# Im looking for a Party Game



## Hellspawn (Oct 13, 2006)

There was a party game that someone posted a year or two back, I cant for the life of me find it and im hoping that someone knows what im talking about.

It had something to do with soul stones that you wore around your neck, everyone got one when they arrived, there was one person who would try and collect souls, the idea was to not lose your soul and try to have the most souls at the end of the night, if you lost your soul, you had to go into another room and............ thats all I can remember, I dont know any more details or exactly how it all went together, but it looked like fun, id like to play it at my party this year..

Anyone know what im talking about?


----------



## Frighteners Entertainment (Jan 24, 2006)

I do remember, but I can't think who or where??? Sorry!


----------



## Lilly (Jun 13, 2006)

would this be it Hellspawn
http://www.terrorsyndicate.com/gamepage.htm


----------



## Hellspawn (Oct 13, 2006)

Lilly said:


> would this be it Hellspawn
> http://www.terrorsyndicate.com/gamepage.htm


You are my hero Lilly, thats it!

Thank you so much for helping me out.


----------



## Holyhabanero (Aug 9, 2007)

That sounds like an awesome game for a Halloween party. Thanks Spawn for asking about it, and thanks Lilly for finding it!


----------



## Hellspawn (Oct 13, 2006)

Passed it on to my wife, she is telling me it is too dark for our halloween party, ive got to "lighten" it up a bit, take out the shrine and lighting candles part.

So im going to keep most of it, just have to change the theme around a bit.. any ideas?


----------



## Vikeman (Aug 3, 2006)

We have played a similar game the last 4 yrs.

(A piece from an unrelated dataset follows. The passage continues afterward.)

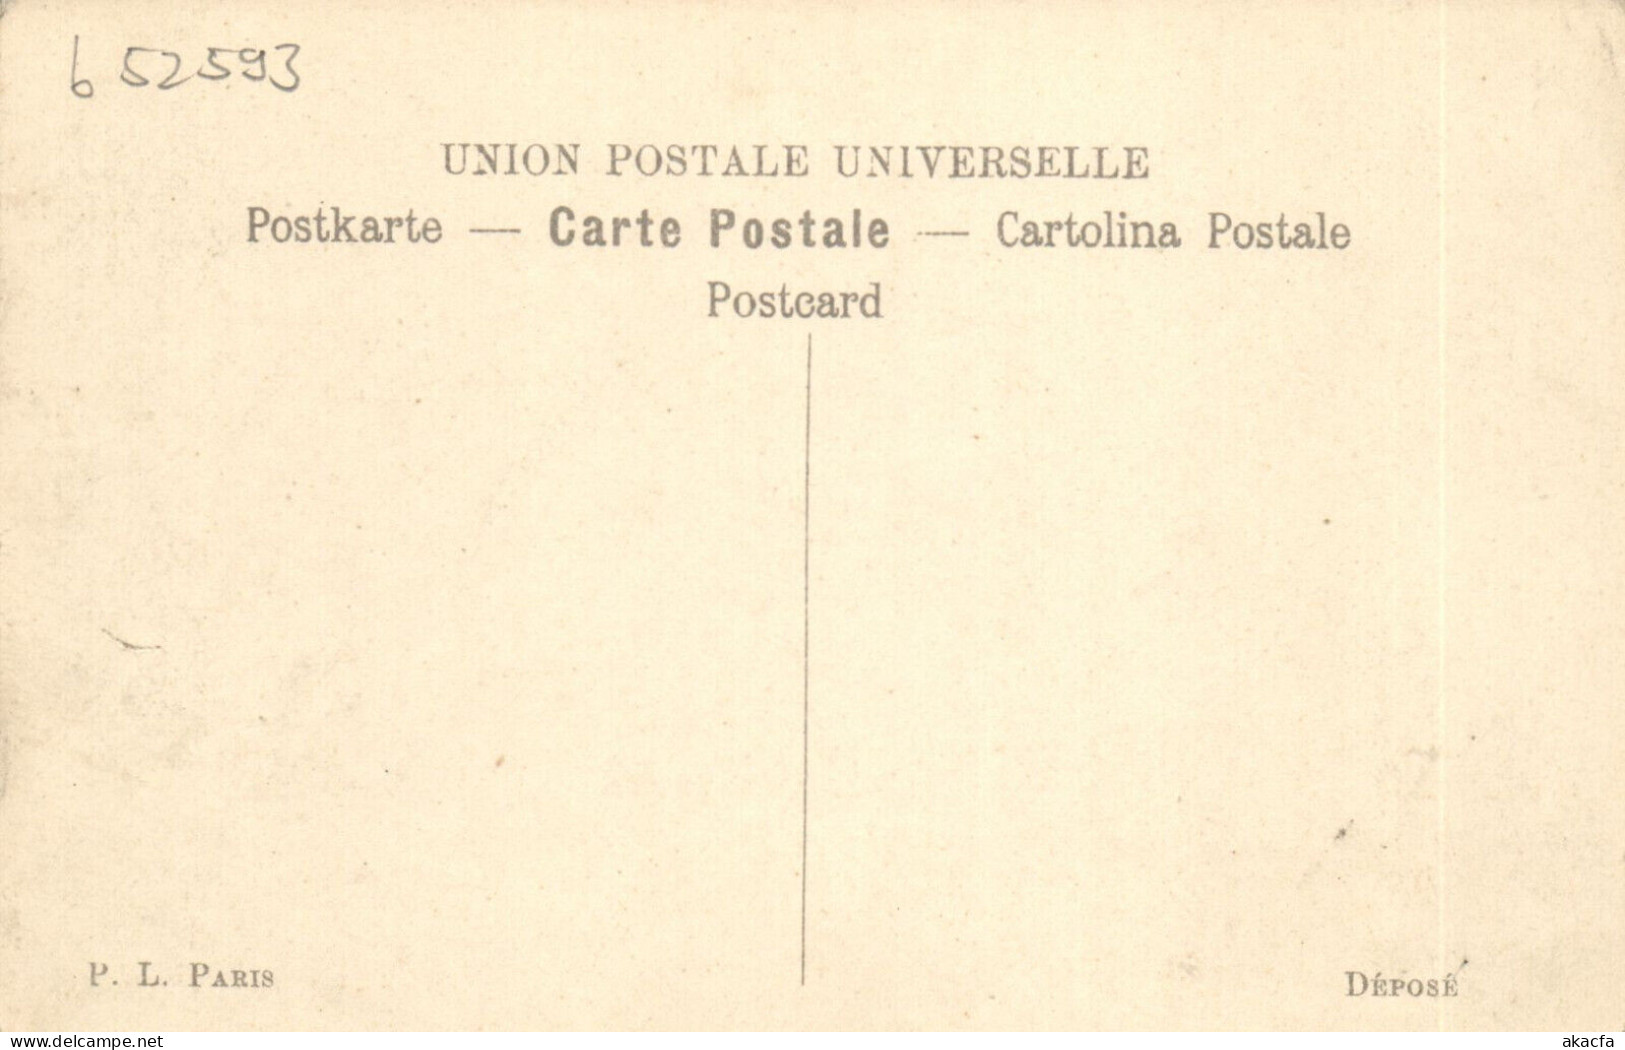 PC ARTIST SIGNED, LION, CHAMBRE DES DÉPUTÉS, Vintage Postcard (b52593) - Lion

We give each person a candy bag with a necklace and instructions in it. We will use a certain word that you cannot say. If we use "No", every time you get someone to say "No", they must give you one necklace. Nobody is ever out of the game, even if you don't have a necklace. We try to change the word each year. But we have found that "No" is the easiest word to get people to say. Example: Hey, do you need another drink? The person with the most necklaces at the end of the allotted time wins a prize.


----------



## kirkwood (Sep 7, 2007)

Every year at our Halloween party we have a dare game. When you walk in the door there is a large cauldron full of pieces of paper. Each paper has a dare on it. Things like "Go up to a complete stranger and pretend to bite their neck," or "Go sit in the corner, rock back and forth, and moan like an insane person," or "Get the entire room singing The Adams Family theme song," to the more adult friendly "Make a suicide shot, drink it down, and then let out your best warewolf howl." All kinds of fun ice breaker dares. Once you've completed your dare you write your name on it and toss it in another cauldron. Toward the end of the night we would draw a few names and each would win a prize. It's been a big hit the last few years.


----------